▶ **The problem**: Wherever an image appears in the data, omit it and copy all the remaining text word for word.

▶ **Recorded data**:
::::::::::
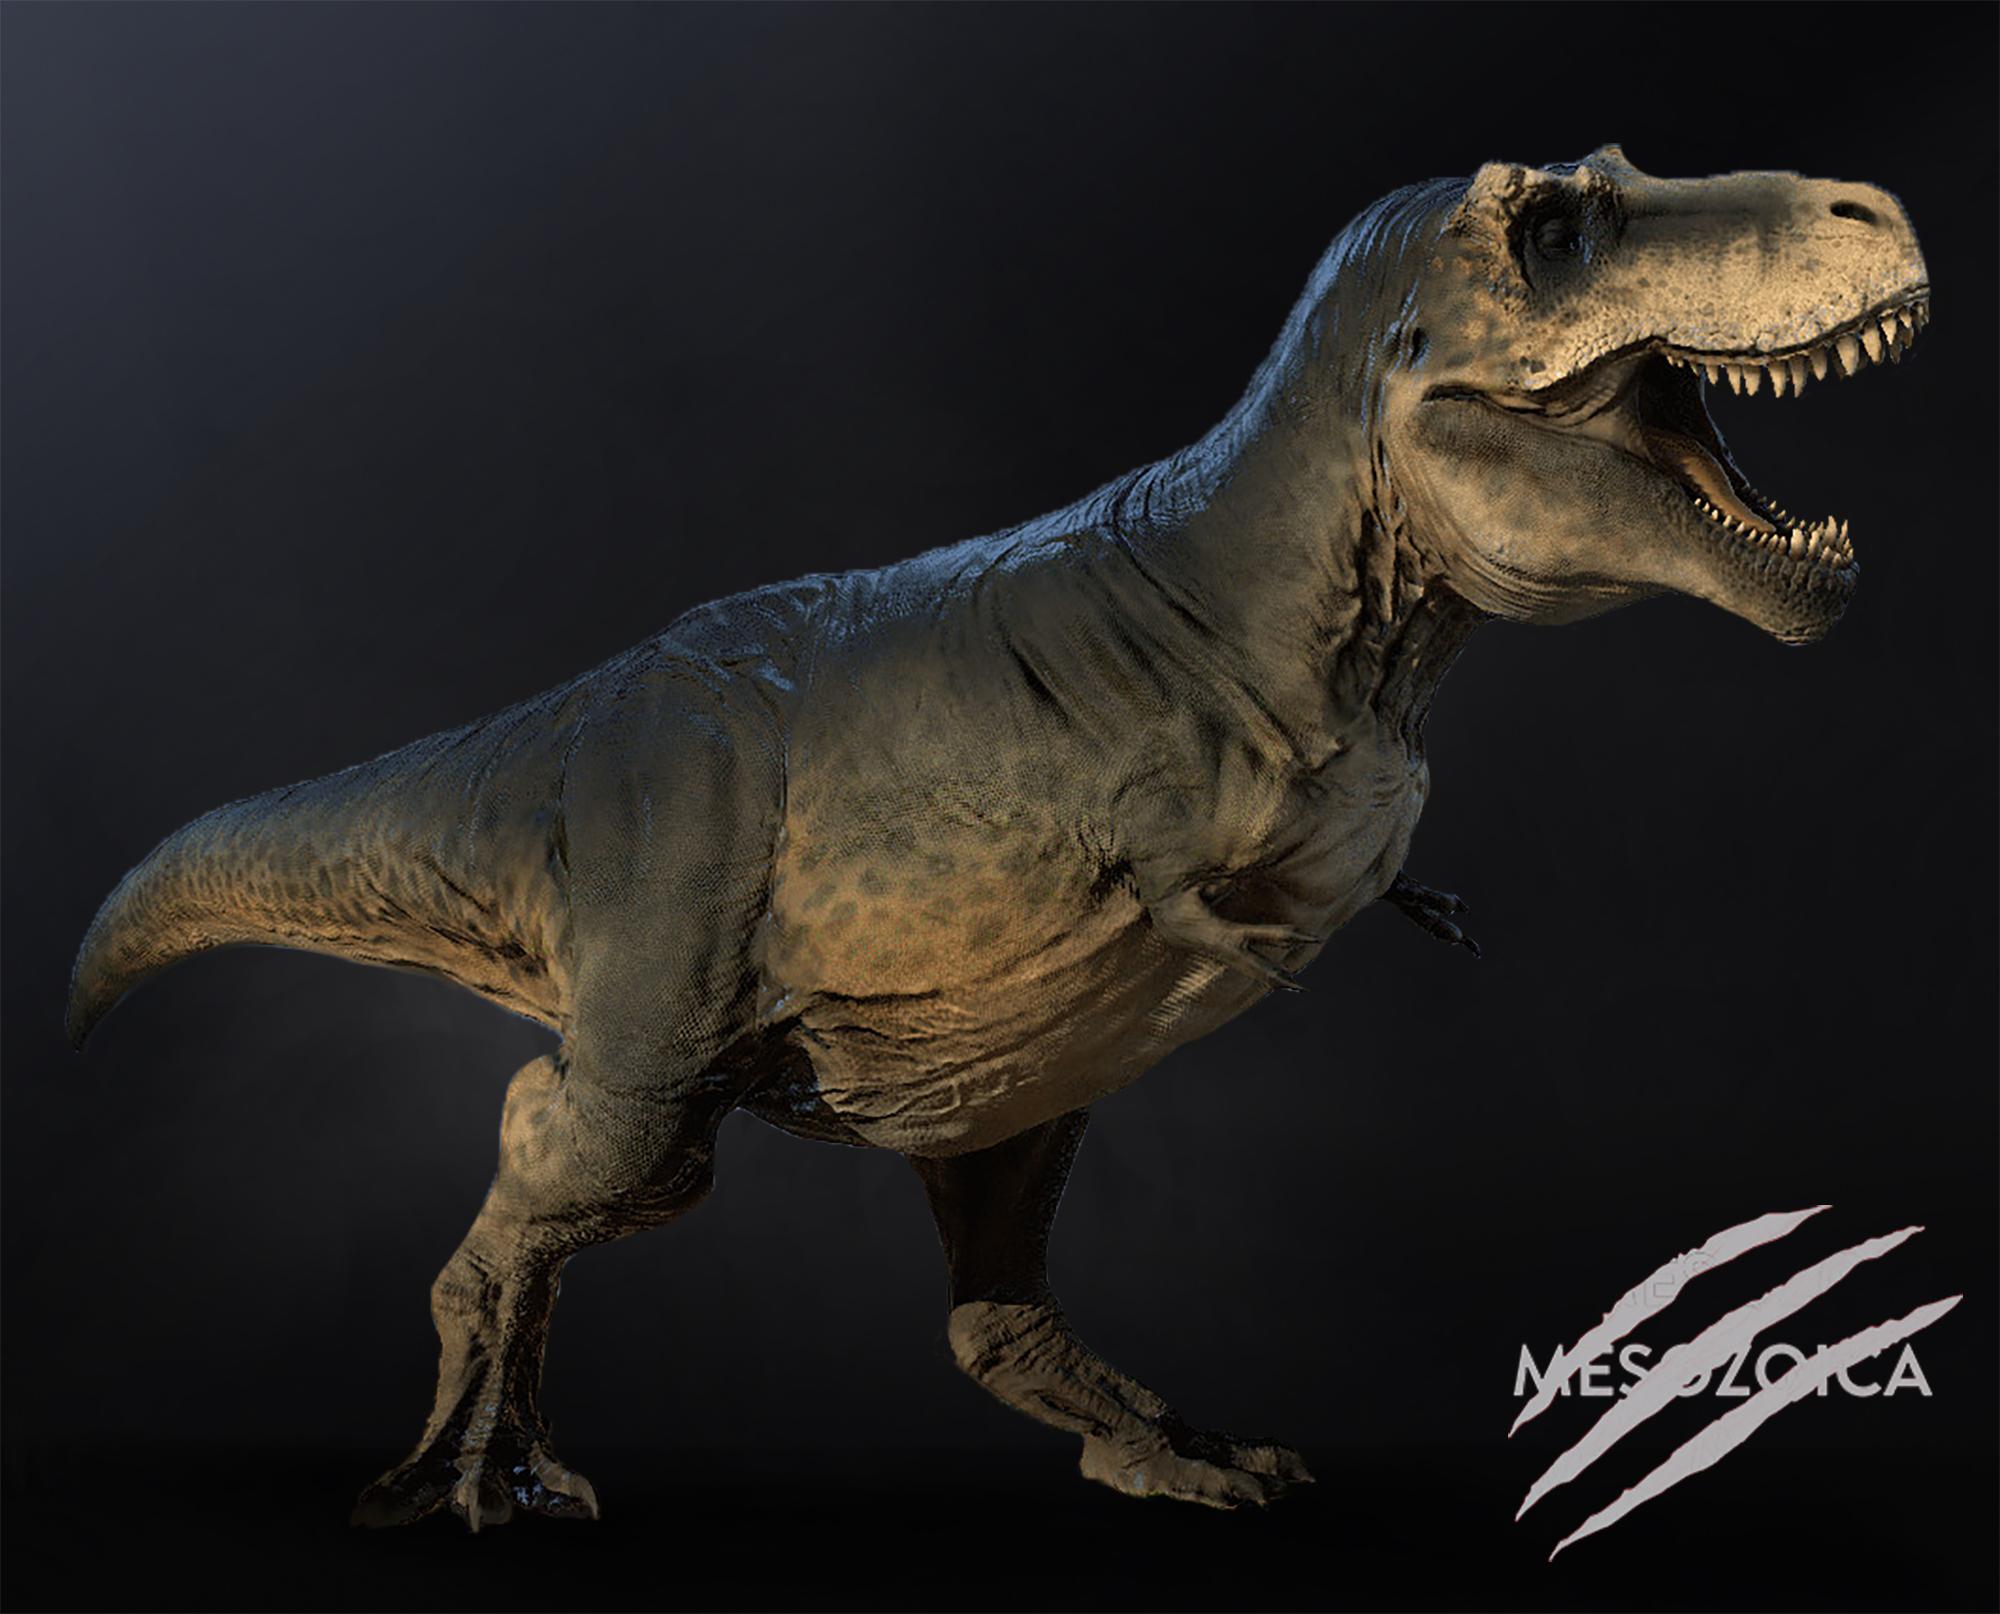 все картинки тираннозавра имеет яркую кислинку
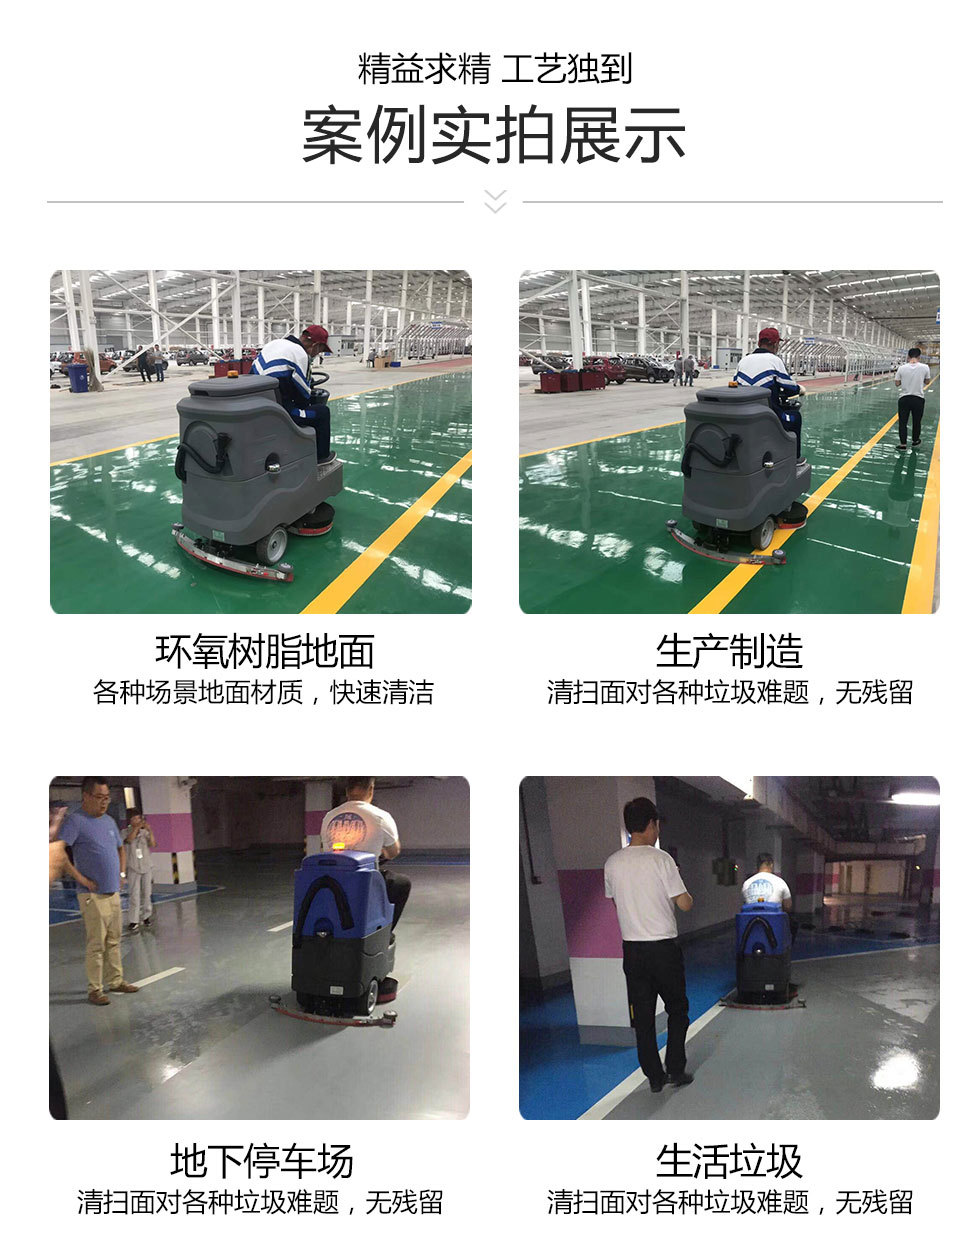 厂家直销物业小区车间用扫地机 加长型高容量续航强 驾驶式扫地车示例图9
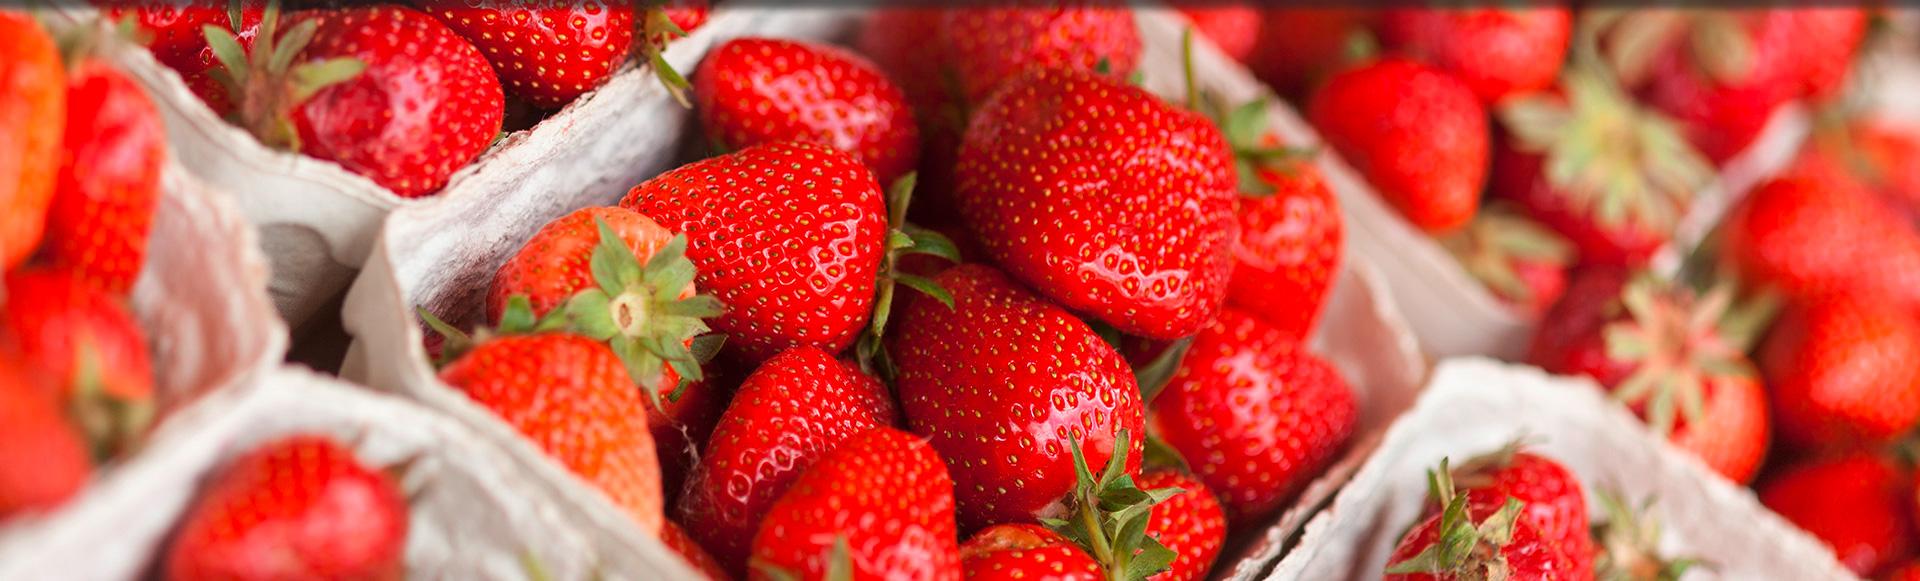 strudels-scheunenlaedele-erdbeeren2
::::::::::
▶ **Solution**:
 все картинки тираннозавра имеет яркую кислинку
 厂家直销物业小区车间用扫地机 加长型高容量续航强 驾驶式扫地车示例图9
 strudels-scheunenlaedele-erdbeeren2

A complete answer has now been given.